Penguins that live on Torgersen or have short culmen. (Use bitwise or operator | not "or)

In [26]:
penguins[culmen_mask | island_mask]

Unnamed: 0,Species,Region,Island,Culmen Length (mm)
0,Adelie Penguin (Pygoscelis adeliae),Anvers,Torgersen,39.1
1,Adelie Penguin (Pygoscelis adeliae),Anvers,Torgersen,39.5
2,Adelie Penguin (Pygoscelis adeliae),Anvers,Torgersen,40.3
3,Adelie Penguin (Pygoscelis adeliae),Anvers,Torgersen,
4,Adelie Penguin (Pygoscelis adeliae),Anvers,Torgersen,36.7
...,...,...,...,...
146,Adelie Penguin (Pygoscelis adeliae),Anvers,Dream,39.2
147,Adelie Penguin (Pygoscelis adeliae),Anvers,Dream,36.6
148,Adelie Penguin (Pygoscelis adeliae),Anvers,Dream,36.0
149,Adelie Penguin (Pygoscelis adeliae),Anvers,Dream,37.8


## Getting rid of nan's

In [27]:
# The function .isna() return true if an entry is a nan 
nans=penguins["Culmen Length (mm)"].isna()

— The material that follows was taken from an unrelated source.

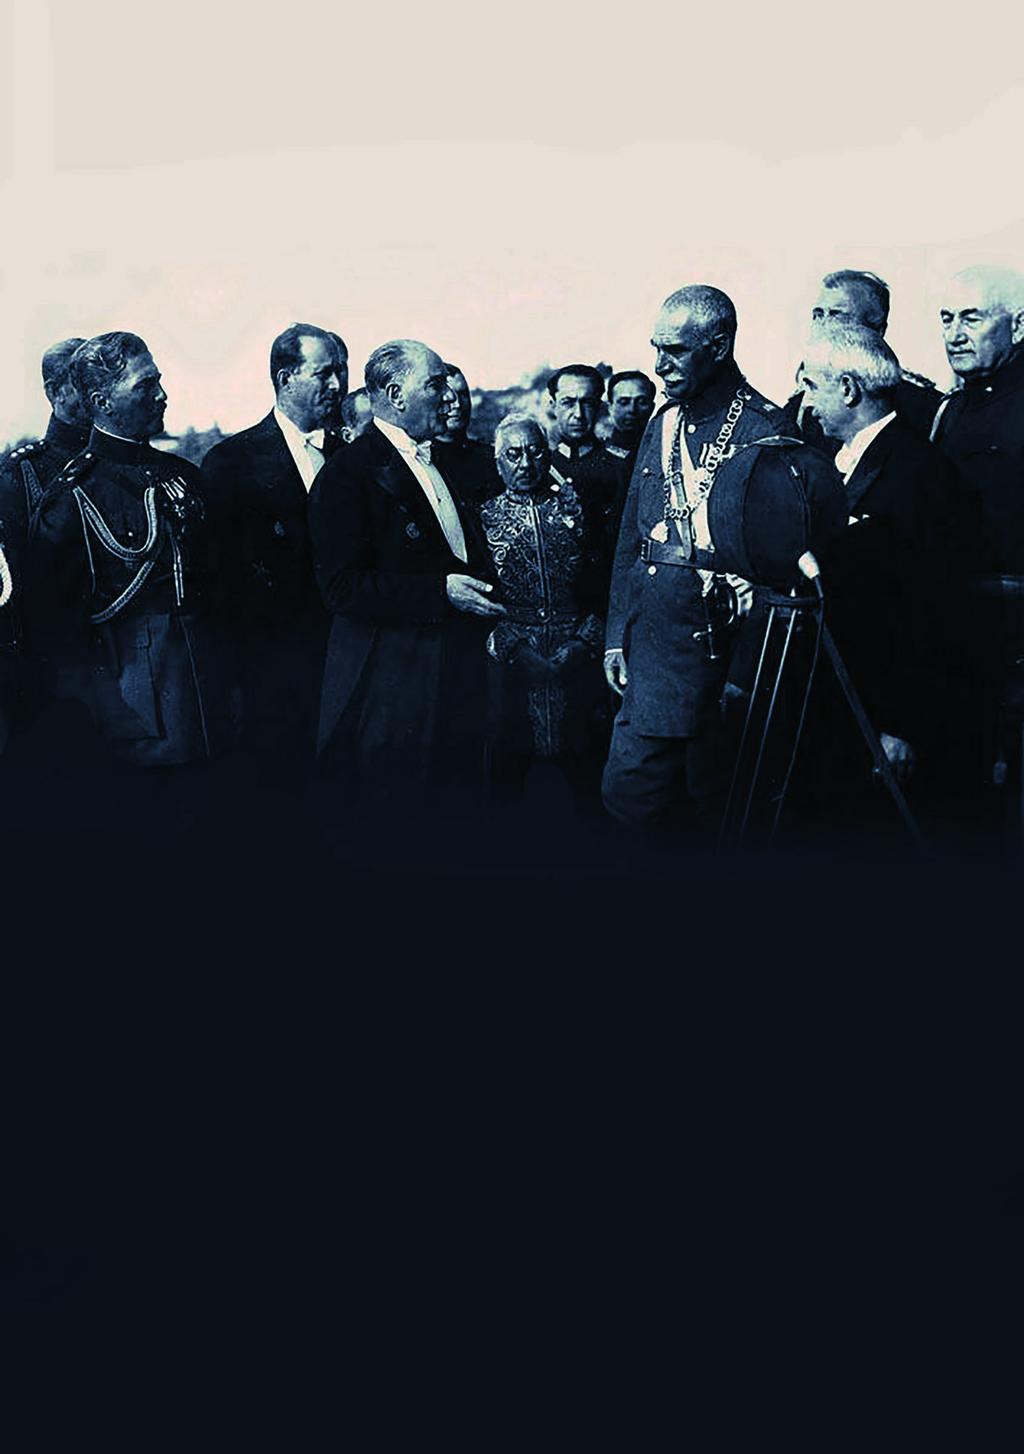 Gençliğin Dünyası Kaya Boztepe ATATÜRK VE DIŞ POLİTİKA 4 Şubat 1919 tarihinde Alemdar gazetesinin yazarlarından Refii Cevat, Mustafa Kemal Paşa ile Şişli deki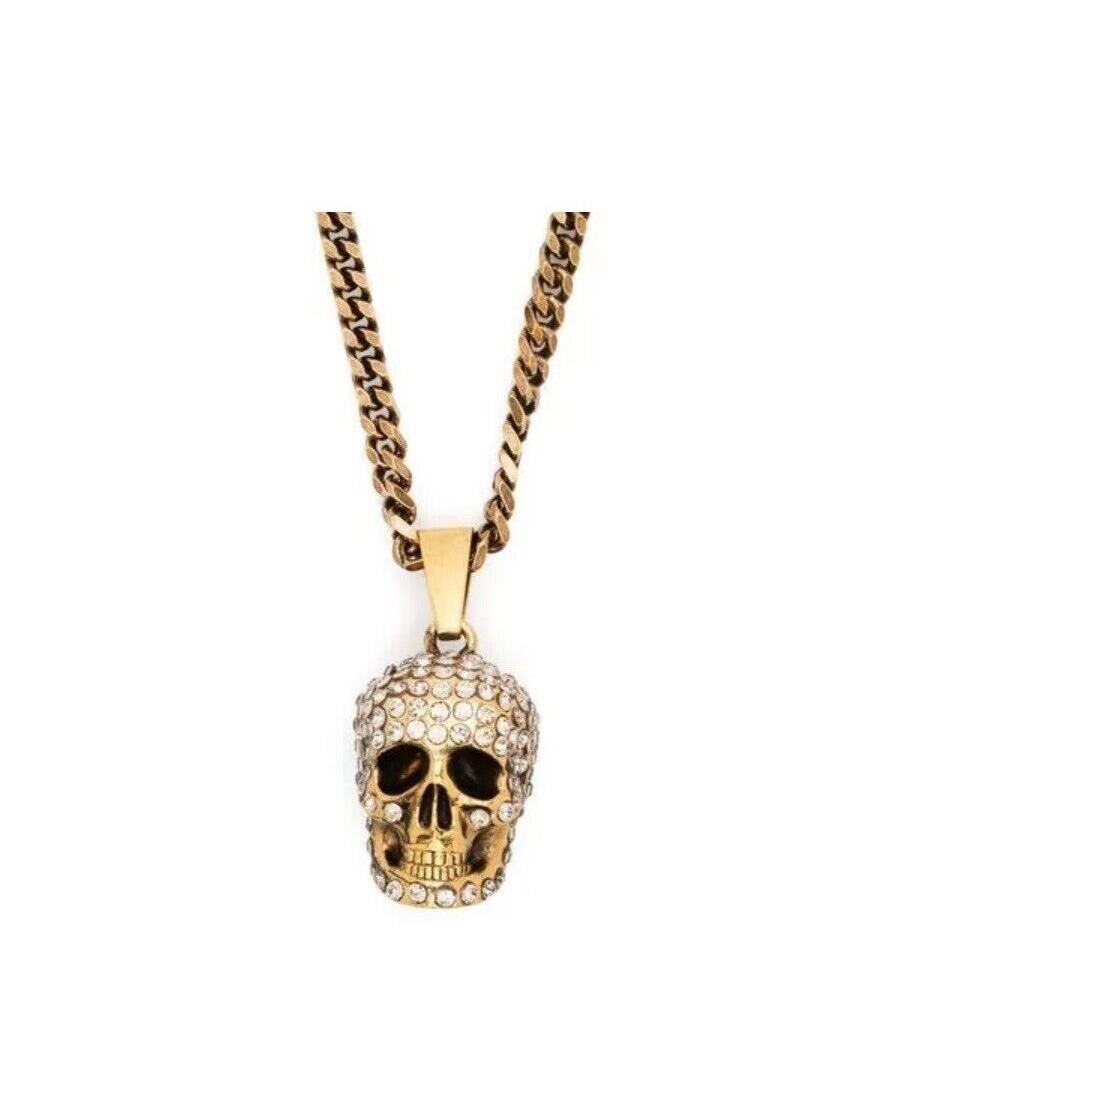 Alexander Mcqueen Gold Tone Pav Skull Necklace

#Here are the entries with nan's in the culmen length
penguins[nans]

Unnamed: 0,Species,Region,Island,Culmen Length (mm)
3,Adelie Penguin (Pygoscelis adeliae),Anvers,Torgersen,
339,Gentoo penguin (Pygoscelis papua),Anvers,Biscoe,


Typically, we want to look at all of the entries WITHOUT nans

In [28]:
penguins=penguins[np.invert(nans)]

In [29]:
penguins.shape

(342, 4)